By the summer of 1922, at age 24, he had a repertoire containing more than twenty baritone roles. He launched an exclusive concert tour in fall 1922 under the supervision of R. E. Johnston of New York, manager of Titta Ruffo, Luisa Tetrazzini, Rosa Raisa, and Beniamino Gigli. The concert tour was financed by his father. Robert E. Ringling appeared with the San Carlo Opera Company in Rigoletto and gave solo recitals across many cities before heading to Europe near the mid-1920s.

He made his foreign debut in January 1924 in Rossini's The Barber of Seville at the Theater Ulm. His successful debut in Ulm, Germany led to a Munich engagement. By summer 1925, he returned from a successful run in Munich, holding a contract for the 1925 winter season and 1926 at the Munich Opera. He committed to sing nineteen roles in the upcoming season, ten of them newly learned in German, with the contract ending August 31, 1926. His full-season agreement featured appearances in Stuttgart, Augsberg, and additional cities, with the Munich Opera appointing him leading baritone at its second-largest salary.

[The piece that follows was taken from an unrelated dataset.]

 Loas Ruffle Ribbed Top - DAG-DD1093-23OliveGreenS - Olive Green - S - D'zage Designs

After the passing of his father, Charles, in December 1926, Robert Ringling was elected president of the Ringling Trust & Savings Bank in Sarasota, Florida, where the Ringling circuses had their winter quarters. The bank later liquidated in 1934, paying off all depositors in full.

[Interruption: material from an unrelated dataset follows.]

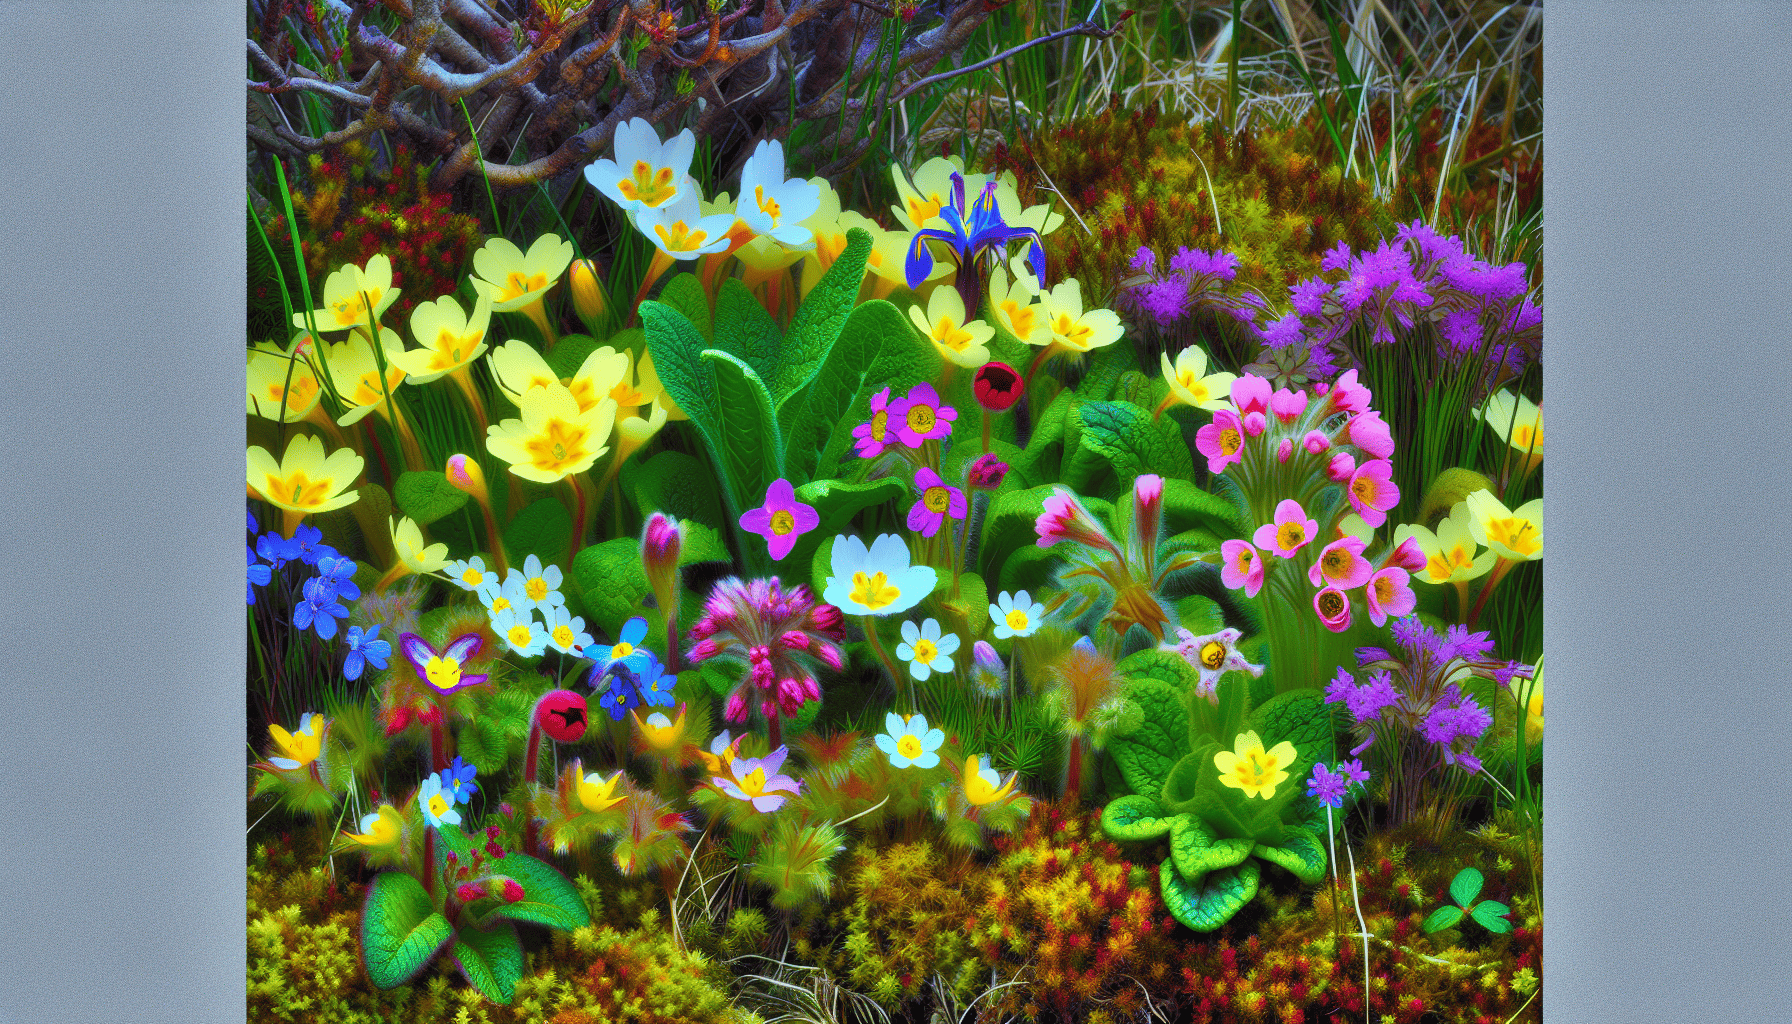 A photo of enchanting native wildflowers of Ireland

As an operatic baritone, he made his Chicago debut in 1929 as 'Tonio' in Pagliacci. His rich baritone made him a favorite in Chicago, where he performed with Samuel Insull's Civic Opera Company for five seasons.

==Circus life==
The opera star gave up the stage in 1934 to help manage the family enterprise. His mother, an owner of the circuses managed by Ringling, transferred him a financial interest in the firm. As a newcomer to the circus, Robert Ringling started out in the publicity department.

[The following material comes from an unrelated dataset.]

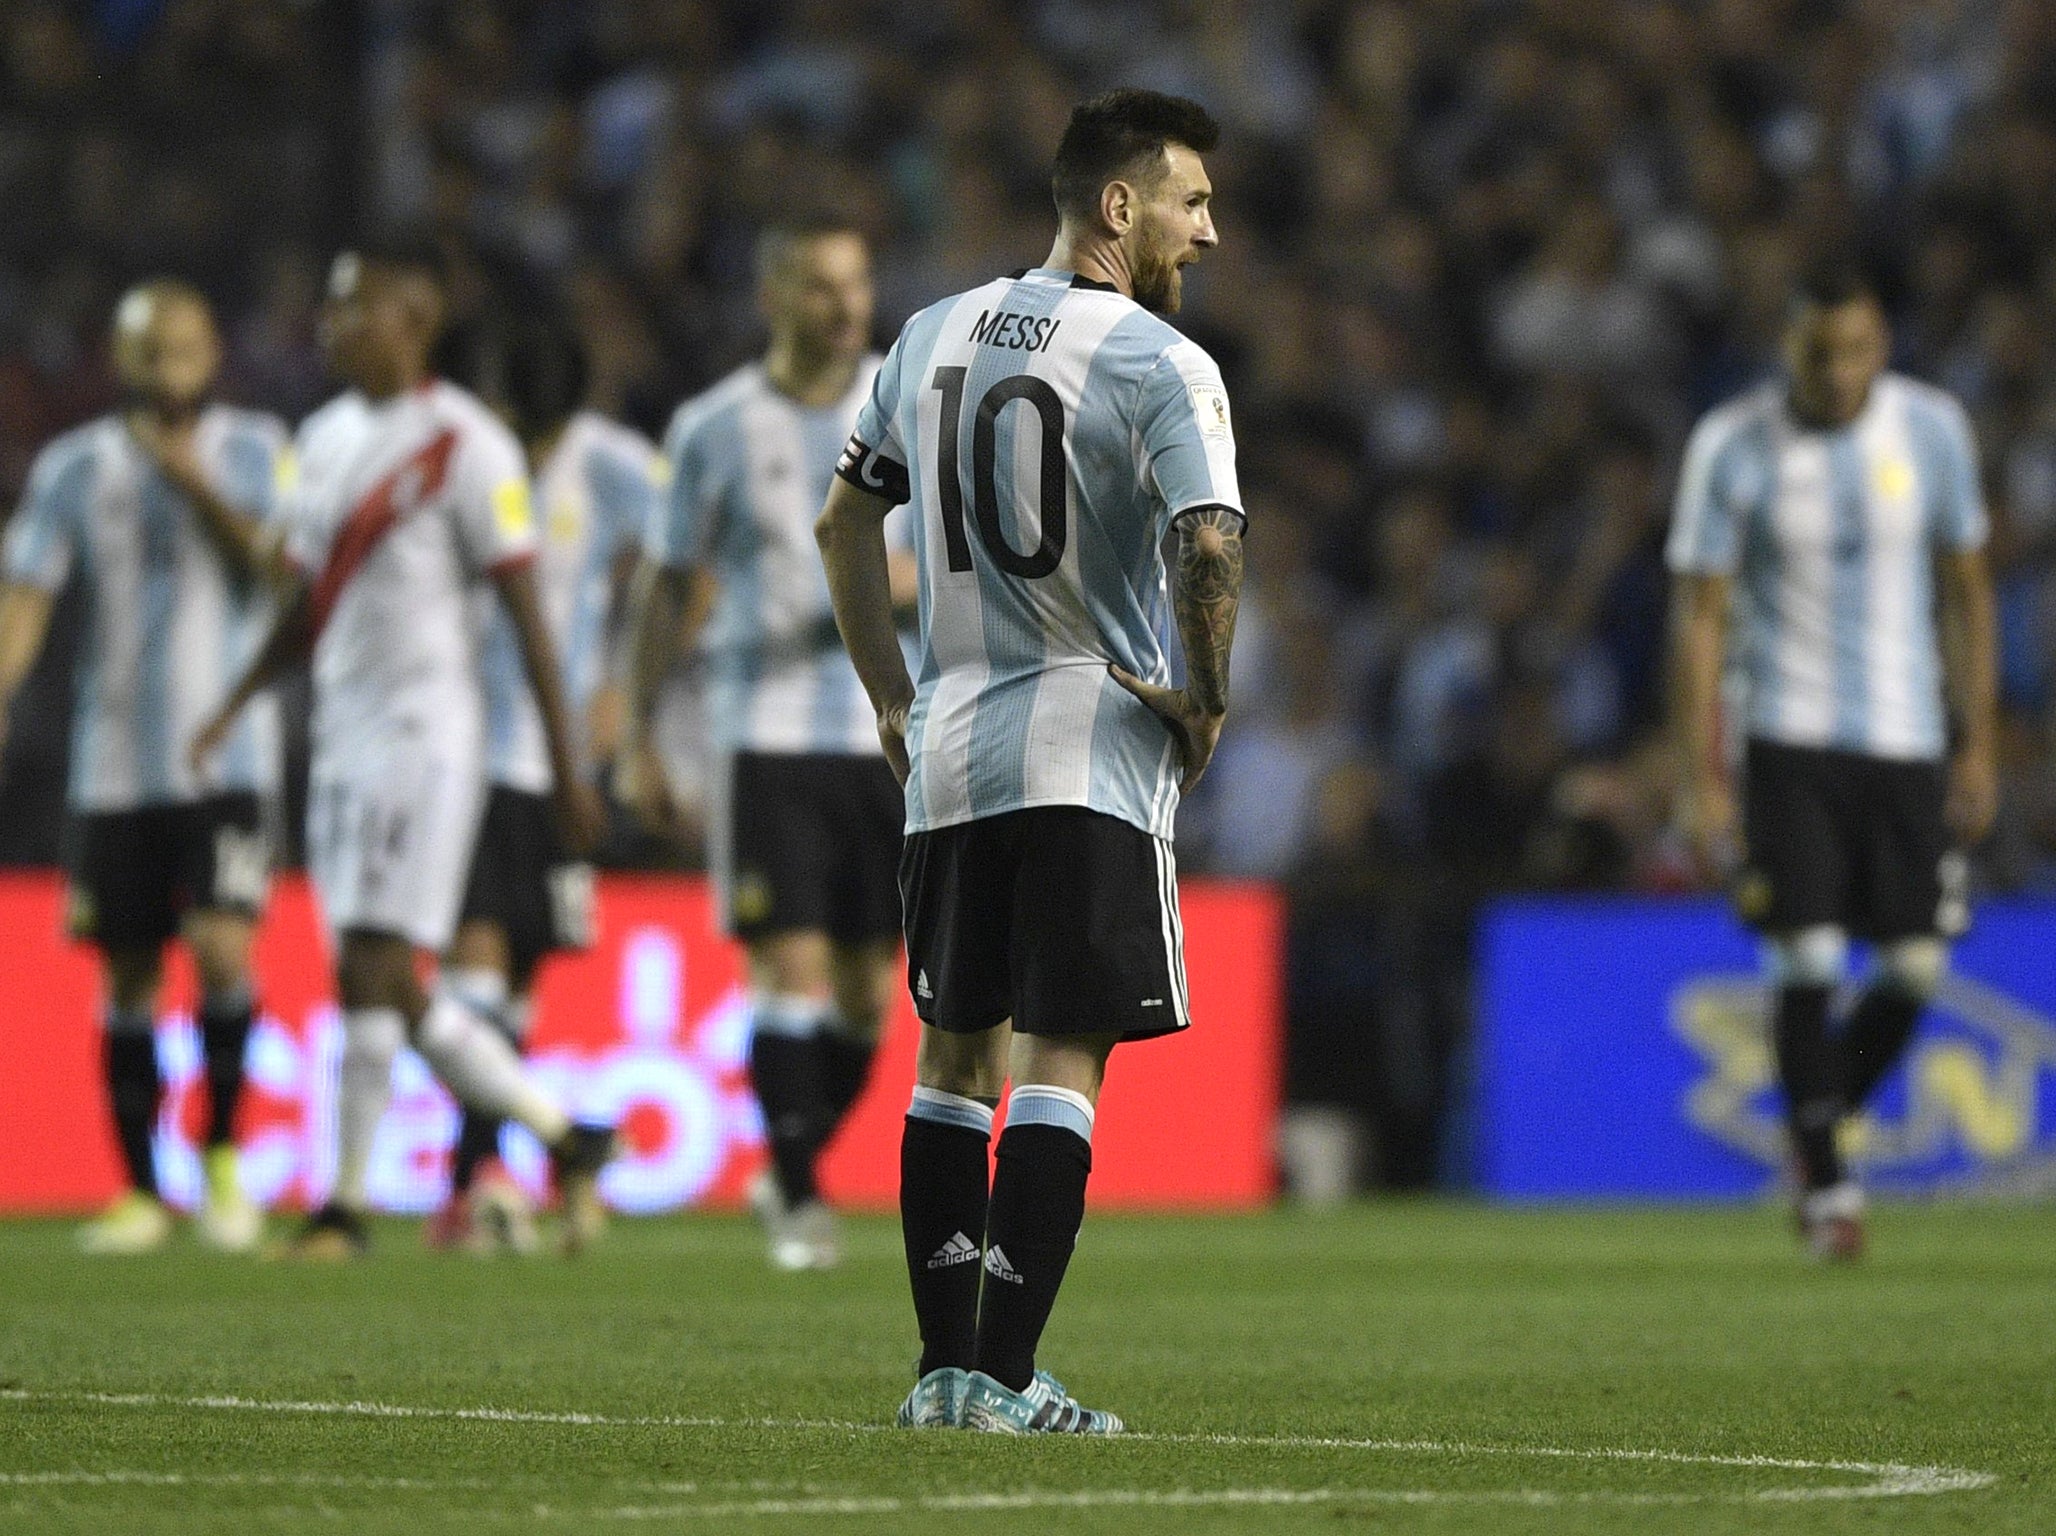 Argentina are on the verge of missing out on Russia 2018

Following the death of his uncle John Ringling in December 1936, his cousin John Ringling North became president in 1937. By 1941, he held the post of senior vice president and sat on the board. In 1942, North's five-year term as president came to an end. Robert E. Ringling was named the president of Ringling Bros. and Barnum & Bailey Circus from 1943 to 1946. His presidency included the tragic 1944 Hartford Circus Fire. Ousted as circus president in April 1946, he was succeeded by James A. Haley and remained embroiled in the Ringling family's power struggle. Robert's mother, Edith Ringling, who was the widow of an original Ringling, and Mrs. Aubrey Haley, wife of the new president, each owned 31 percent of the circus. In 1946, his mother Edith willed her 315 shares to him. Robert Ringling was named chairman of the board in November 1947, with John Ringling North as president and Henry Ringling North as vice president. The sale of James A. Haley and his wife's stock to John North and Robert Ringling made it the first time a single individual owned 51 percent of the show's stock. North held 51 percent of the stock, while Robert and his mother held 49 percent. He remained the board chairman until his death in 1950.

==Personal life==
Robert E. Ringling married his wife, Irene, and had two sons, James C. Ringling and Charles J. Ringling. He lived quietly in the Indian Beach neighborhood near the winter headquarters of the circus.

Ringling, who had a passion for motorboating, once raced Garfield Wood, and won several trophies for his speedboat skills.

==Death==
Robert Edward Ringling died of a stroke on January 2, 1950, in Sarasota, Florida, at the age of 52. In declining health for months, he nearly died in a Chicago hospital in the summer of 1949.